そのチェンナイも夜の11時半(日本時間では真夜中の2時半)にホテルに到着後、なんと出発は翌朝の4時45分!本当に寝に寄っただけという言葉がぴったりです。つかの間の休眠を取り、6時10分の飛行機で出発して、9時半にコルカタに到着しました。
私が10年前にはじめてインドに来たとき、コルカタでカルチャーショックを受けたことを思い出しました。その時インドのにおいとほこりっぽさと、なによりもマザー・テレサの「死を待つ人の家」を訪れ、驚きました。今回の旅行ではじめてインドに来られた方は9名です。それぞれどんな印象を持たれるか楽しみでもあり、不安でもありました。
実は私は参加しなかったのですが、以前のインド旅行で料理を作るところを見た方がいました。その作り方と調理場の汚さにショックを受けて、その日以来食事ができなくなったそうです。何とか日本から持参した食料で補ったそうですが、あまりにも日本がきれいなのか、インドがすごいのでしょうか。

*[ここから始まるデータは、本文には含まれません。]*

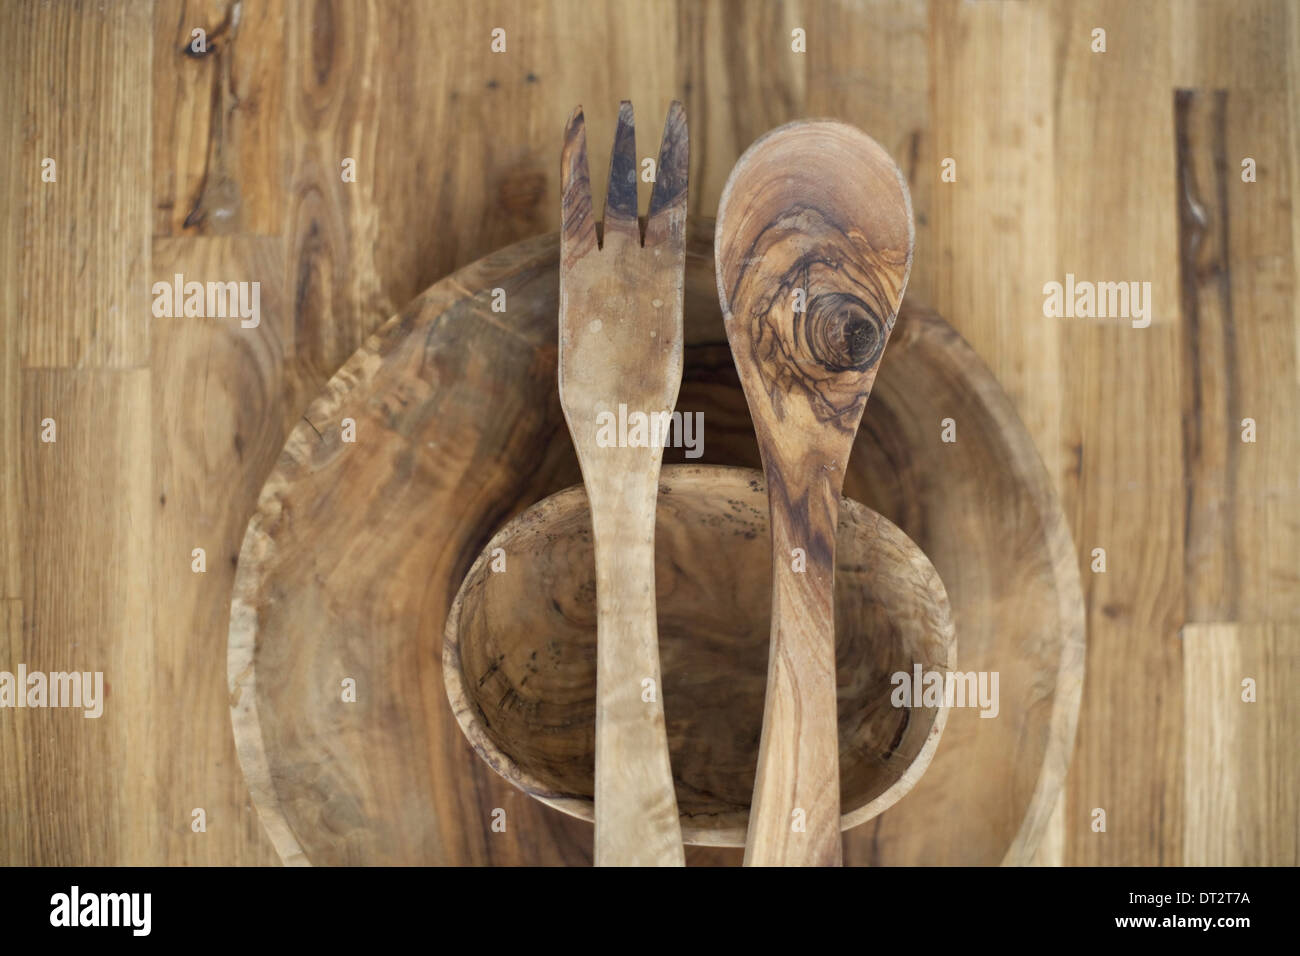 Une table en bois haut avec deux petits bols en bois tourné et deux couverts à salade du grain du bois et des modèles naturels Banque D'Images

そんなことを感じていたところに、また大変な状況を目にするはめになったのです。この日は午前中、ジャイナ寺院とカーリー寺院のどちらを先に訪れるか決めていました。すると現地のガイドの方が「今日はカーリー寺院はいけにえの日です」と言いました。すると天岸先生が「そちらに行こう」と一言。
カーリー寺院とはヒンドゥー教のカーリー女神をまつった聖地です。寺院の中は参詣者の方でごった返しています。その境内ではカーリー女神に捧げるため、午前6時から12時の間にヤギの首がはねられるのです。まず首をはねる前にヤギの体を水で清め、その時に人々はひざまずいて祈りを捧げるのです。その後に、両前足を後でくくり、2本の木の間に首をさし込んで斧で一気に切るのだそうです。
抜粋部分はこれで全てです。